I know there are tutorials/examples on imputing entirely missing observations, but are there any examples or hints as to how to handle missing features? For example, if the data looks like:
np.array(
[[1, .8, 1],
[1, .5, .8],
[.8, .8, 1],
[.2, nan, 0.2],
…])
and the model is something like:
def model(data):
mus = ny.sample("mus", Normal(0, 1).expand((3,)))
chol = ny.sample("chol", LKJCholesky(3, concentration=1))
ny.sample("ys", MultivariateNormal(mus, scale_tril=chol), obs=data)
it would be nice to be able to use the remaining features that are present in the fourth row to improve the estimates of mu for the first and third column and to improve the estimates of their covariances.
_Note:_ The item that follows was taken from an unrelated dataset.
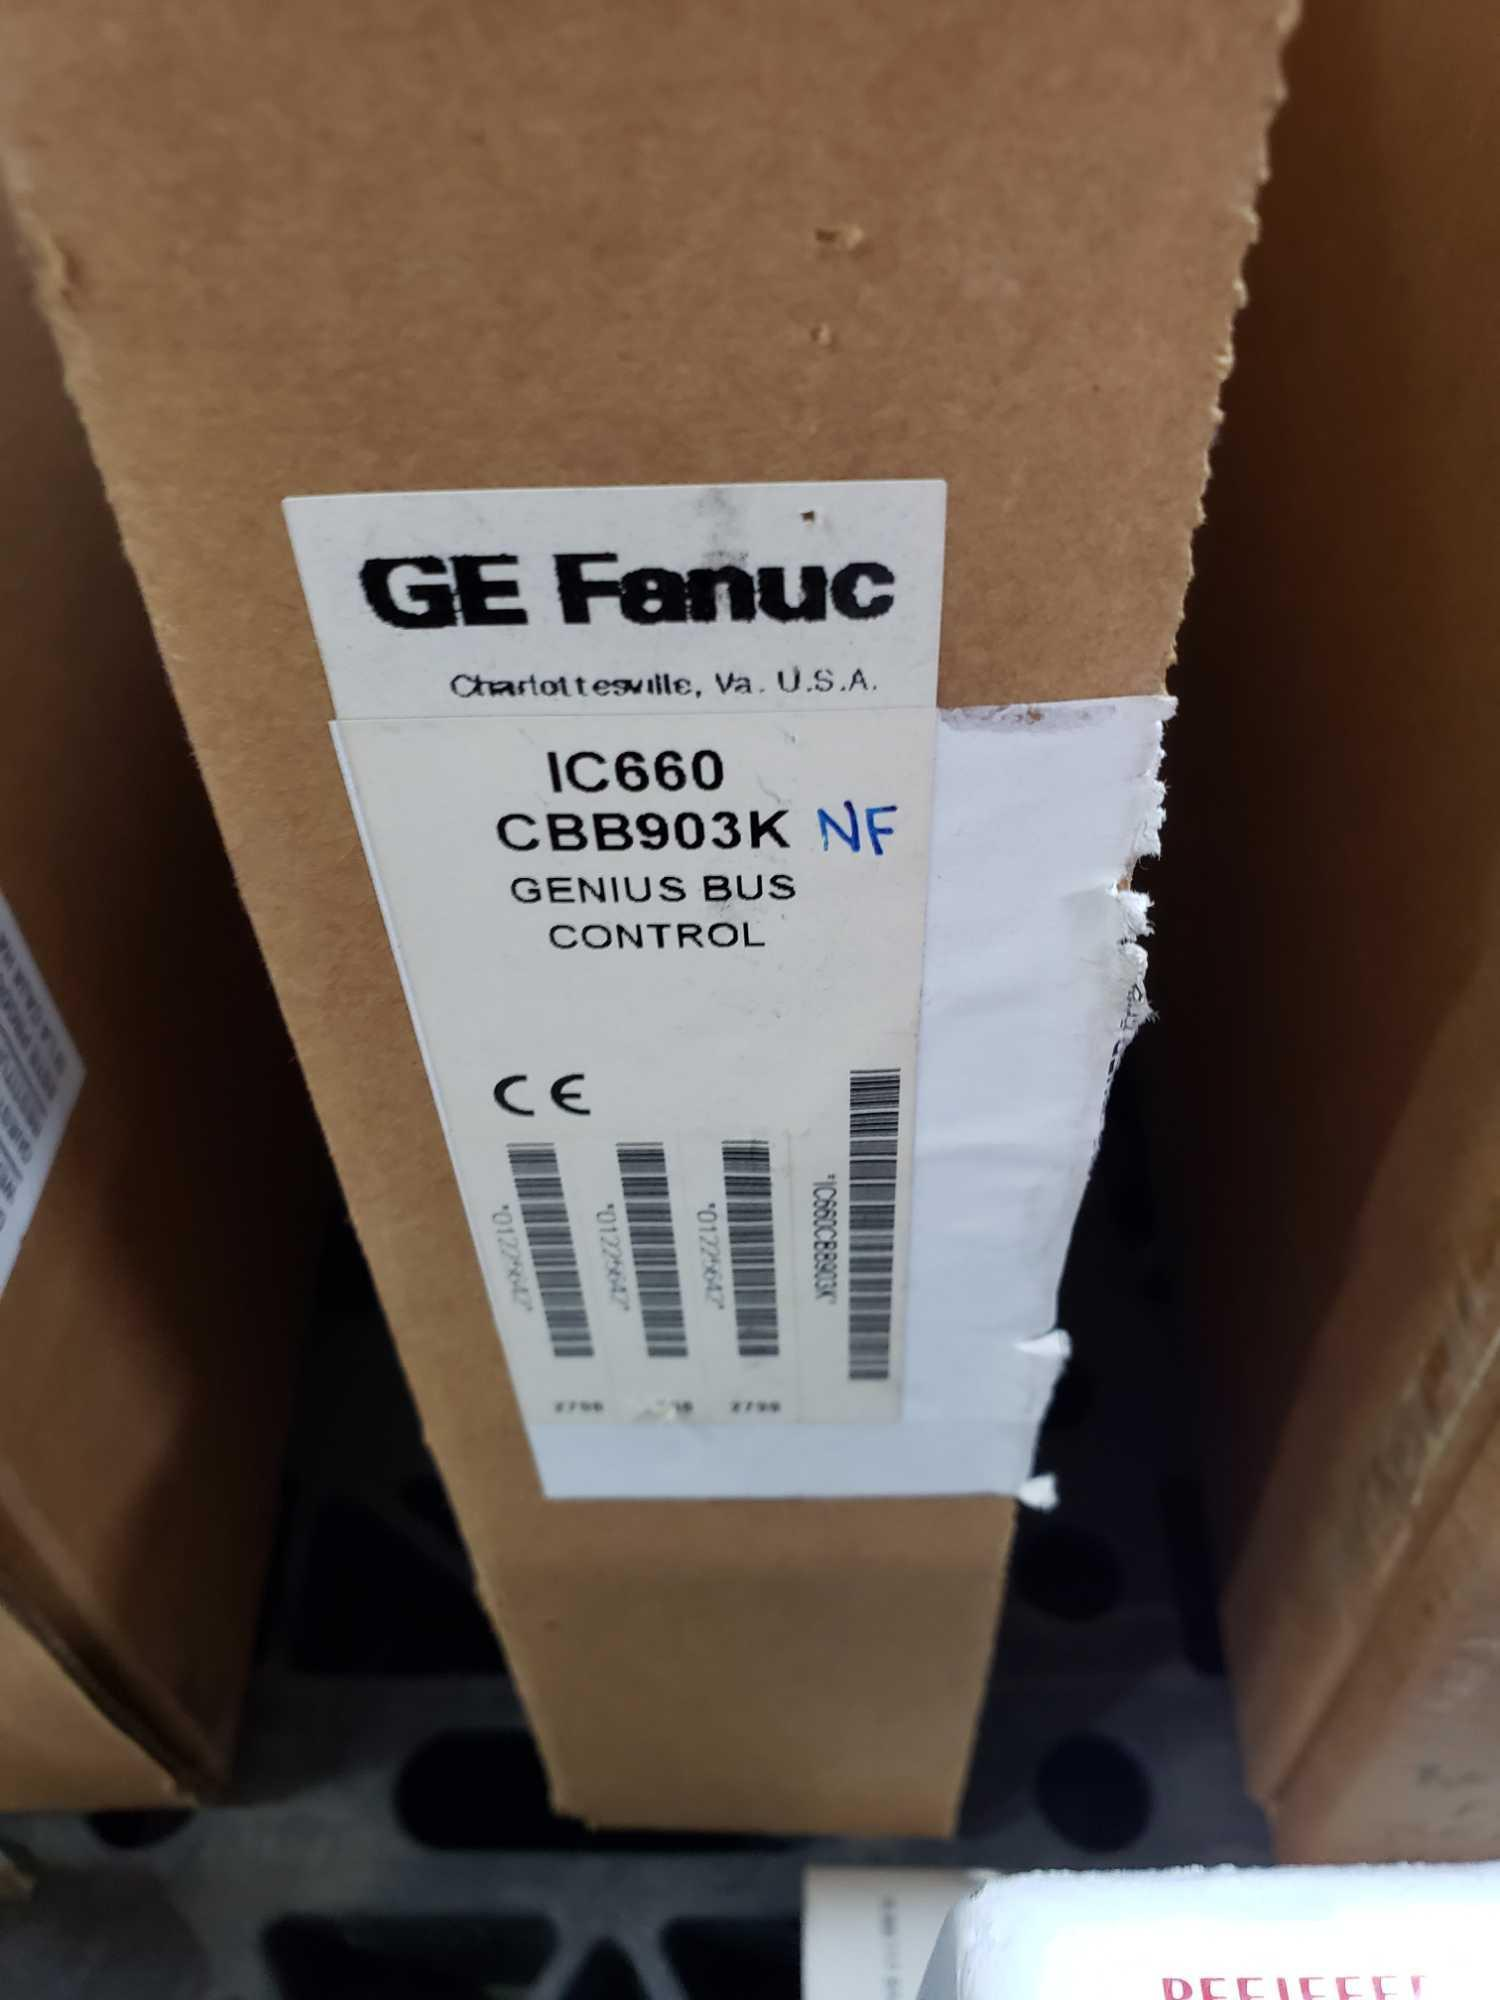 Lot 362 - GE Fanuc model IC660CBB903K genius bus control. New in open box.
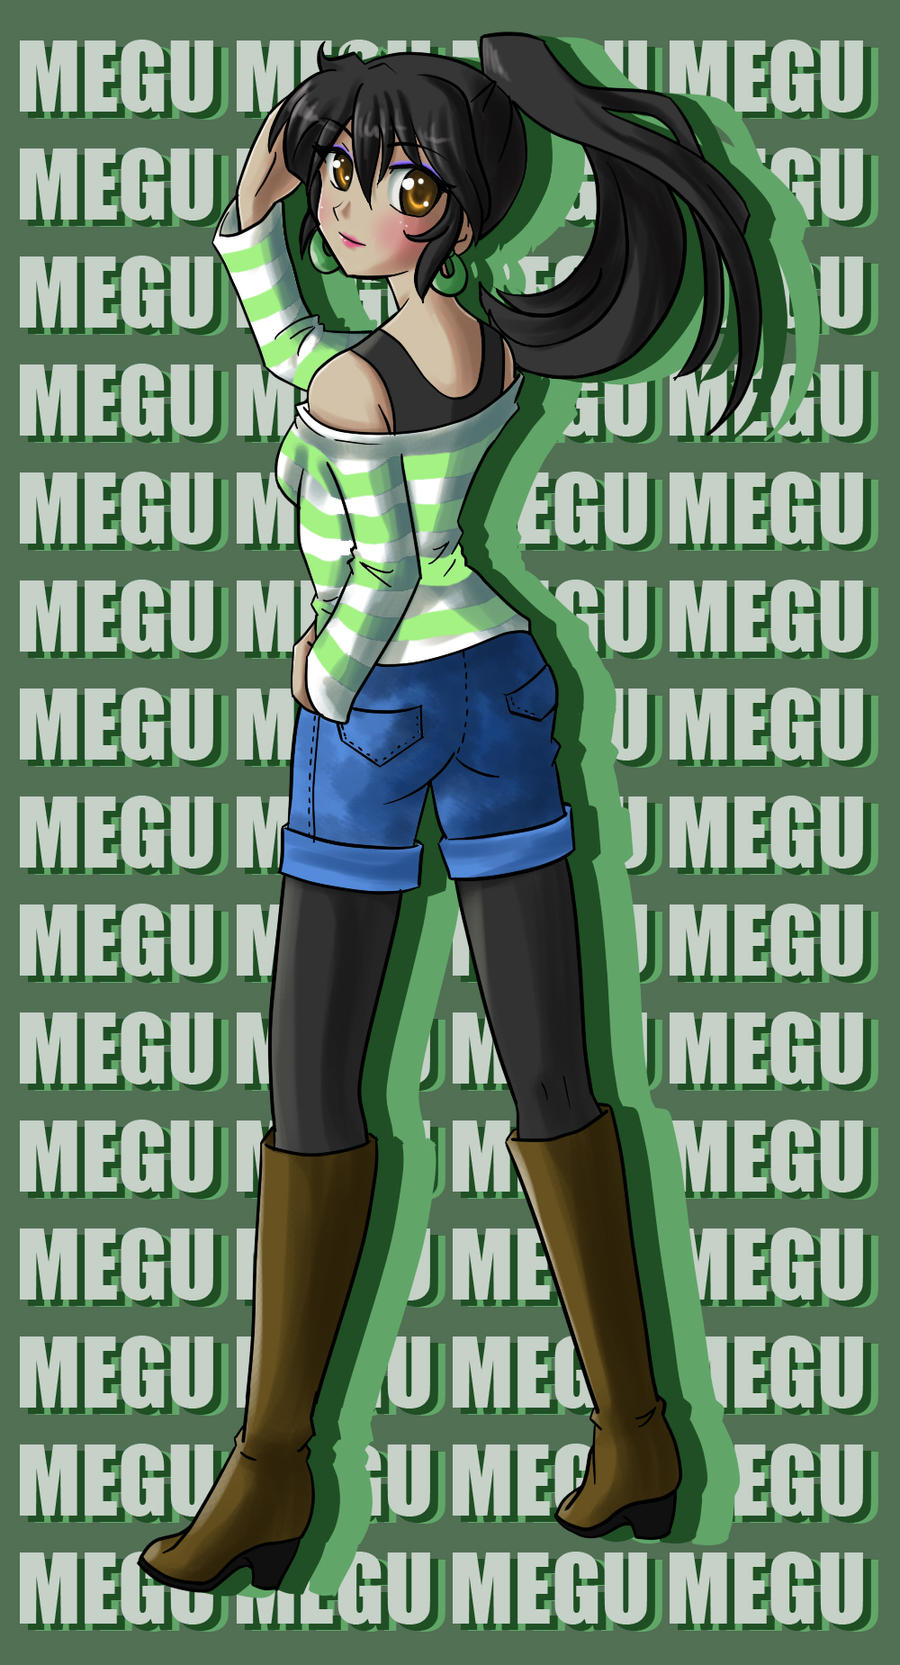 Megumita0w0's Profile Picture

(Note: I don’t particularly care about what the missing values themselves are. So I don’t necessarily need to treat the missing values as latent variables and impute them as the examples/tutorials usually do. I just care about improving my estimates of mus
and chol
.)
One approach that seems sort of reasonable to me is to do something like:
ys = ny.sample("ys", MultivariateNormal(mus, scale_tril=chol))
present_idx = np.nonzero(~np.isnan(data))
ny.deterministic("observed_ys", ys.at[present_idx].get(), obs=data.at[present_idx].get())
But deterministic
doesn’t support obs
. Is this actually a reasonable approach? Is there some way to emulate this approach in numpyro
given the absence of obs
support in deterministic
?